The show at McCabe’s was one of three during which Wainwright performed mostly covers, which he recorded for another upcoming project, this time for Audible. “Road Trip Elegies: Montreal to New York ” is an audio journey through his past, combining a selection of music that has inspired him and an actual road trip he took with his therapist in October.

Wainwright thought that their hours of recorded conversation would go into familiar wounds like his parents’ divorce, but they ended up drifting down unexpected avenues – like thinking about his grandparents “and this generational saga that has been very exposed over the years.”

His paternal grandfather, Loudon Wainwright Jr., was a columnist for Life magazine. In his 2018 Netflix theater show, “Surviving Twin,” Wainwright III performs some of those columns, and ties one of them to his relationship with Rufus.
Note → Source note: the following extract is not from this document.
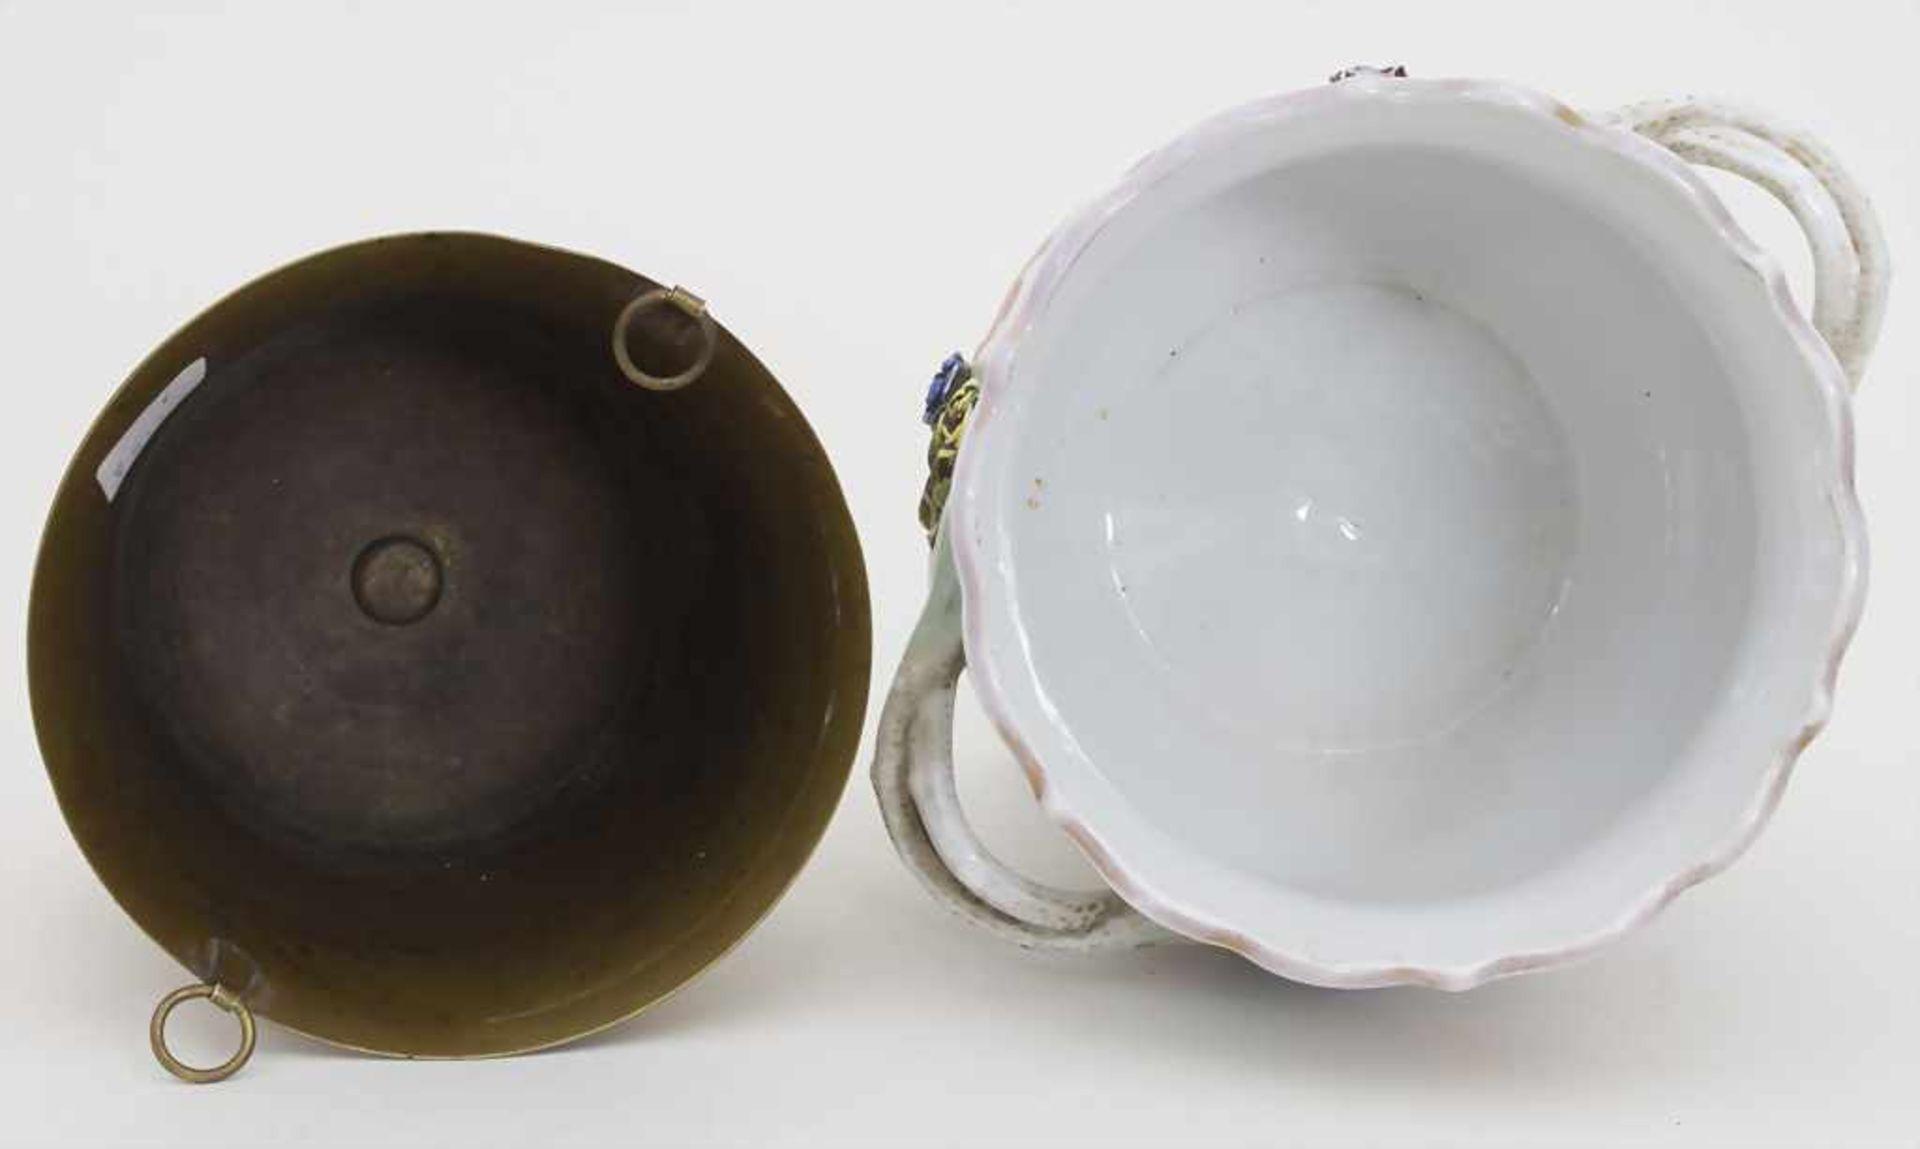 Cachepot mit Bronzemontur und Einsatz / A cachepot with bronze mount and insert, Helena Wolfsohn, - Bild 7 aus 8

“On the basis of the way things are with my children,” Rufus’ father said, reading the words of his grandfather, “I doubt that the length of the acquaintance necessarily makes it easier for loved ones to know you better – or for you to know them. The past keeps getting in the way. But change is possible, and I’d like to begin work on some sort of updated realigned model for our connection, something that reflects not so much what we all were, or think we were, but what we have become.”